Once the oil has been re-categorised as coming from non-sanctioned Iraq, rather than Iran, it is easy to send it to wherever Iraqi oil can go, which is anywhere. The bulk of this can be done through Iraq’s existing crude oil export infrastructure, including very large crude carriers loaded in and around the southern export hub of Basra. It can also be done directly into southern Europe via the Turkish port of Ceyhan through the crude oil pipelines running through the semi-autonomous Iraq region of Kurdistan (although these have been subject to ongoing disruptions for years), and there are also plans for further pipelines from Iraq to Jordan and Syria. Once in Europe, this oil – all of which is discounted in price from the benchmark – has historically gone into some of the less rigorously policed ports of southern Europe that need oil and/or oil trading commissions, including those of Albania, Montenegro, Bosnia and Herzegovina, Serbia, Macedonia and Croatia. From there, the oil can easily be moved across borders to Europe’s bigger oil consumers, including through Turkey.
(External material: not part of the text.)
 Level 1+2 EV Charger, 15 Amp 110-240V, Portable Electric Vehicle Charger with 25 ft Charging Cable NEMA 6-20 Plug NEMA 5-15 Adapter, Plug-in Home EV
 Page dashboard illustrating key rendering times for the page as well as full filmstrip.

These crude oil export methods from Iraq can be supplemented where necessary by various shipping-related methods, with one of the most basic methods being the disabling (literally just flicking a switch) of the ‘automatic identification system’ on ships that carry Iranian oil, as is just lying about destinations in shipping documentation. As Iran’s then-Petroleum Minister himself, Bijan Zangeneh, said in 2020: “What we export is not under Iran’s name. The documents are changed over and over, as well as [the] specifications.” Even before that, in December 2018 at the Doha Forum, Iran’s Foreign Minister, Mohammad Zarif, stated that: “If there is an art that we have perfected in Iran, [that] we can teach to others for a price, it is the art of evading sanctions.” For Asian-bound shipments, the reliable methodology has allegedly involved Malaysia (and to a lesser degree Indonesia) in forwarding oil exports to China, with tankers bound ultimately for China engaging in at-sea or just-outside-port transfers of Iranian oil onto tankers flying other flags.
As of the end of last week, the Iran source exclusively told OilPrice.com: “Russian companies are now in a gold rush to Iran, with [Russian President, Vladimir] Putin commenting a few days ago that 80 Russian companies are on their way to Tehran with a view to expanding Russia’s presence in the oil, gas, petrochemicals, and automotive sectors as primary goals.” He added: “In total, around nine hundred senior Russian business figures are expected in Tehran in the next four weeks, all with promises for deals in these sectors [above] and, in return, Iran is receiving promises of the latest Sukhoi fighter jets, two submarines, sixteen S-300 batteries, and an undisclosed number of military and security advisors.” He concluded: “It’s pretty much a fire-sale of Iran’s natural oil and gas assets.”